• [SUPPLIED RECORDS]:

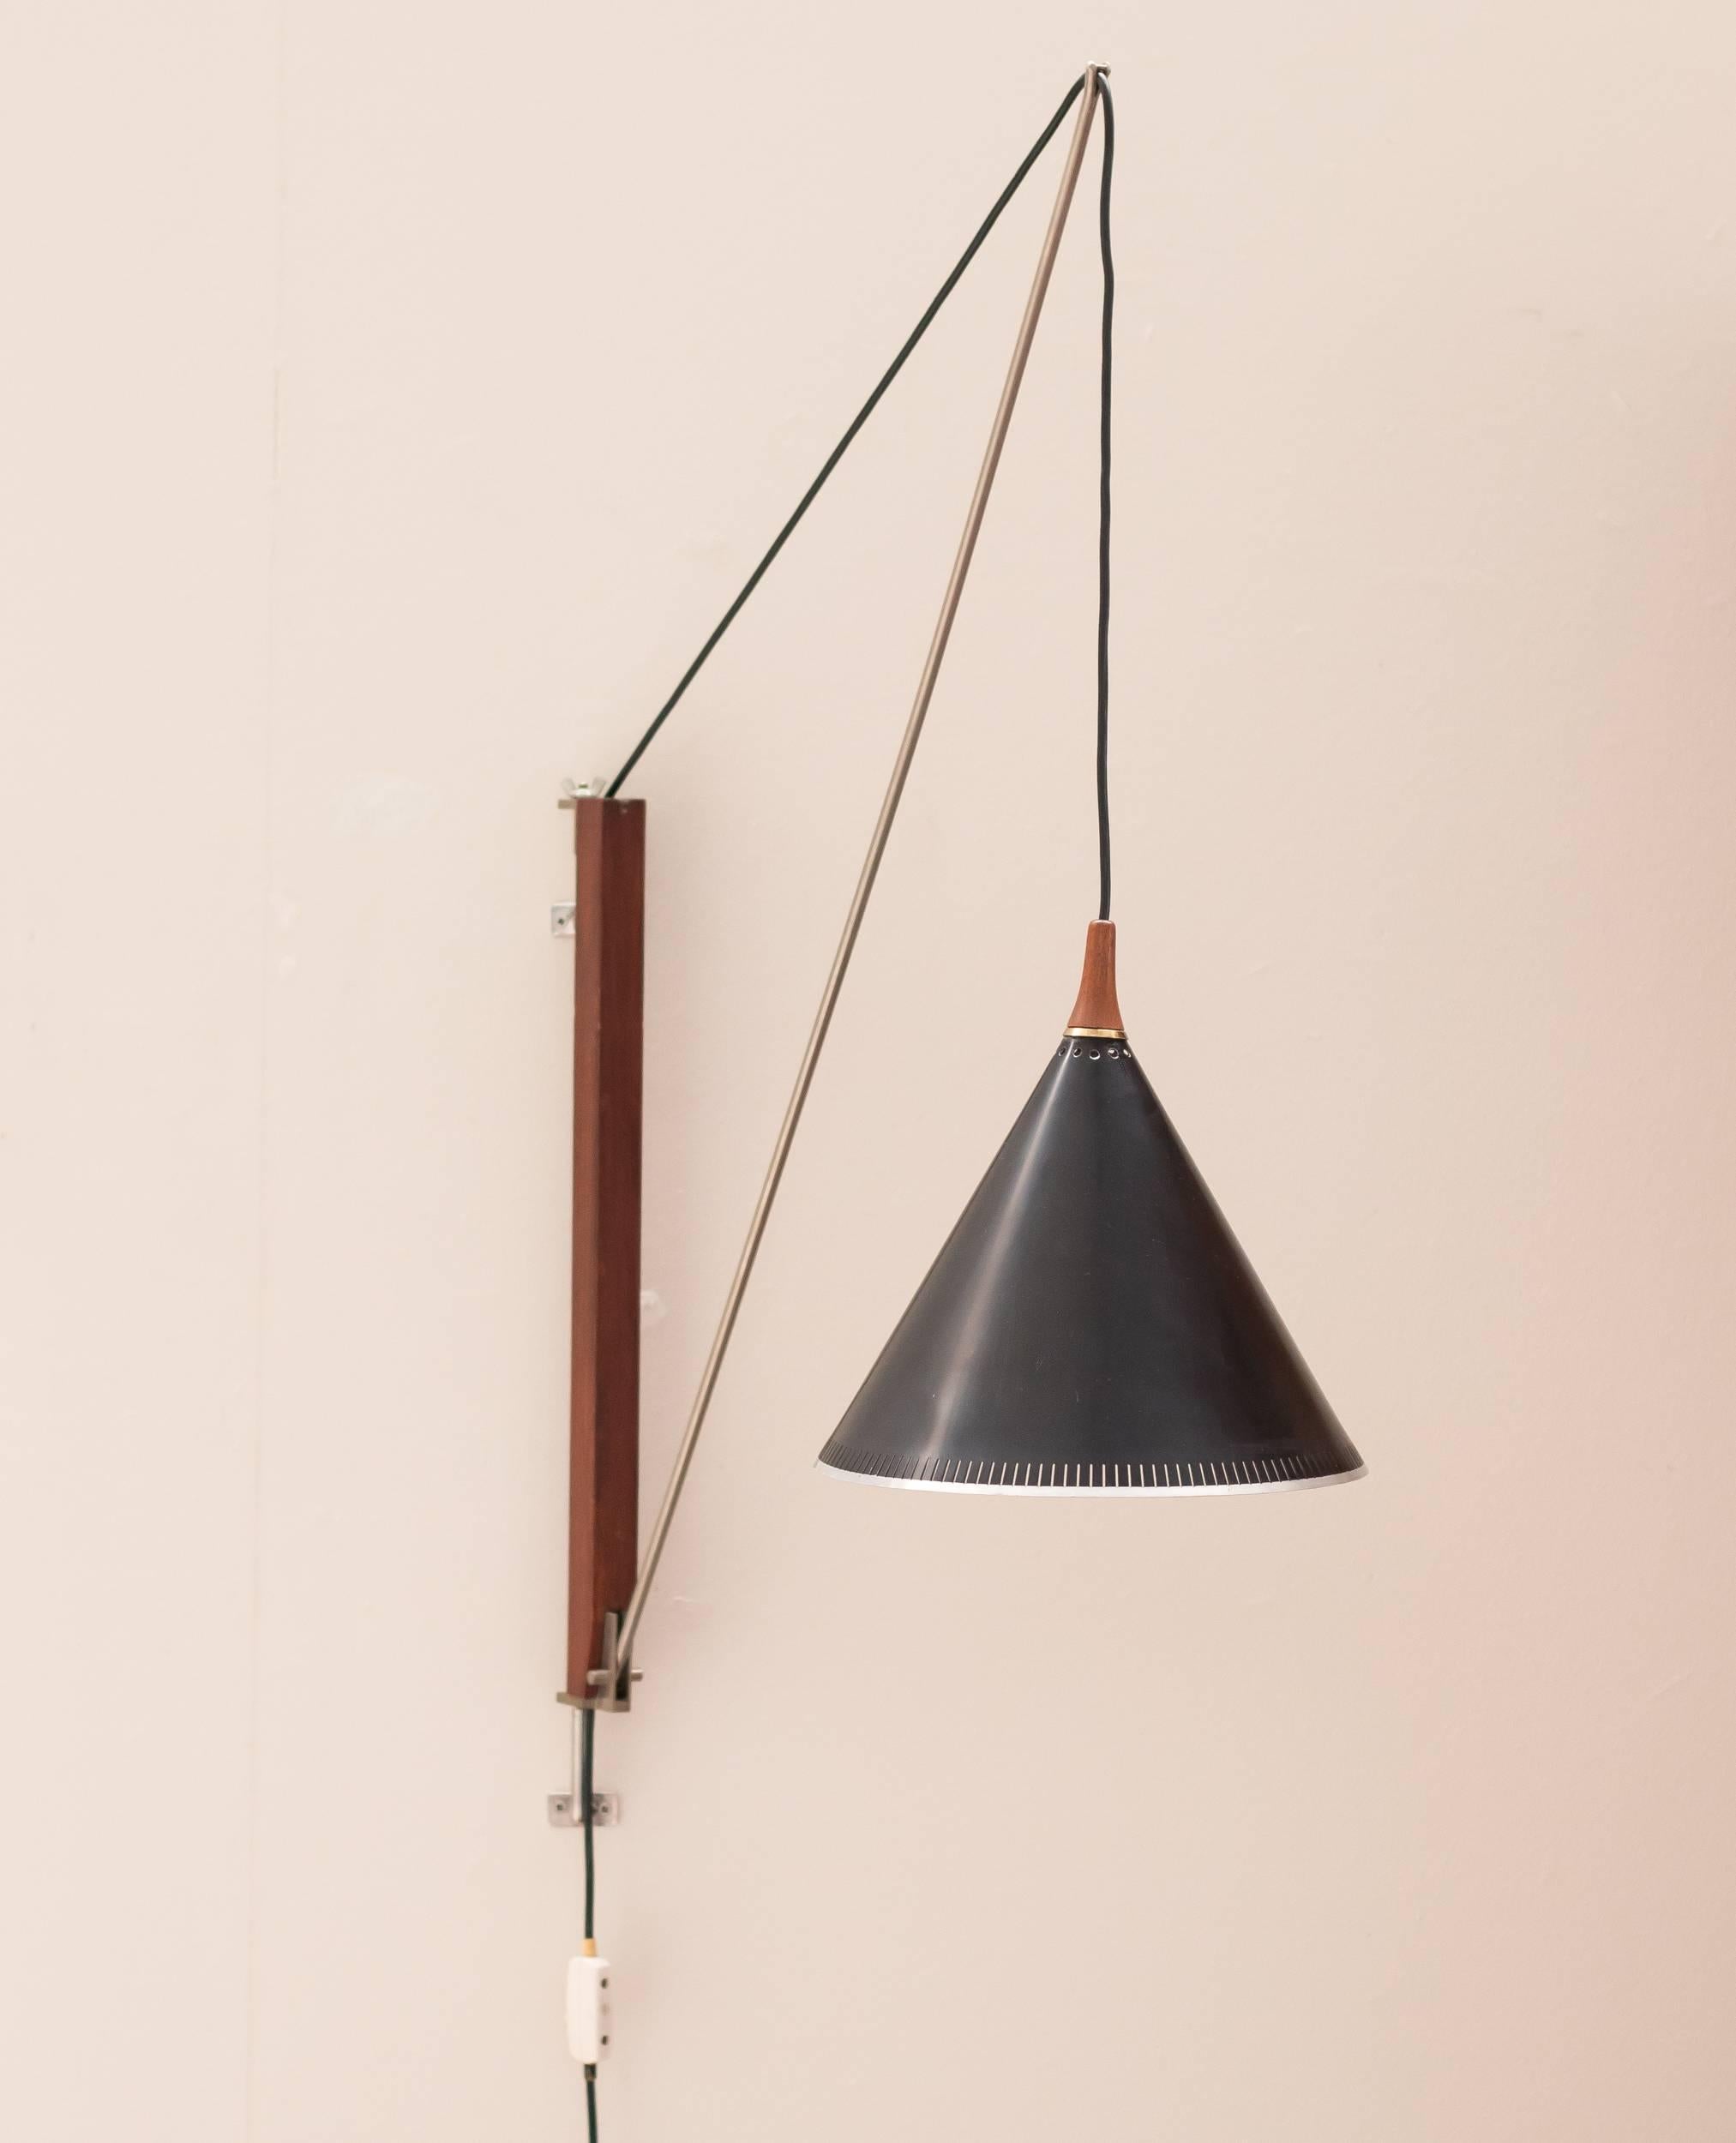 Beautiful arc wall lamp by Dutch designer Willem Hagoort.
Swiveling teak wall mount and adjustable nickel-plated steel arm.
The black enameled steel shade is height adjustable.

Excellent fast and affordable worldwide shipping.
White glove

• [WORK REQUIRED]: Send back, unchanged, every line of the records from the one with "The black enameled" through the last.

• [YOUR RESPONSE]:
The black enameled steel shade is height adjustable.

Excellent fast and affordable worldwide shipping.
White glove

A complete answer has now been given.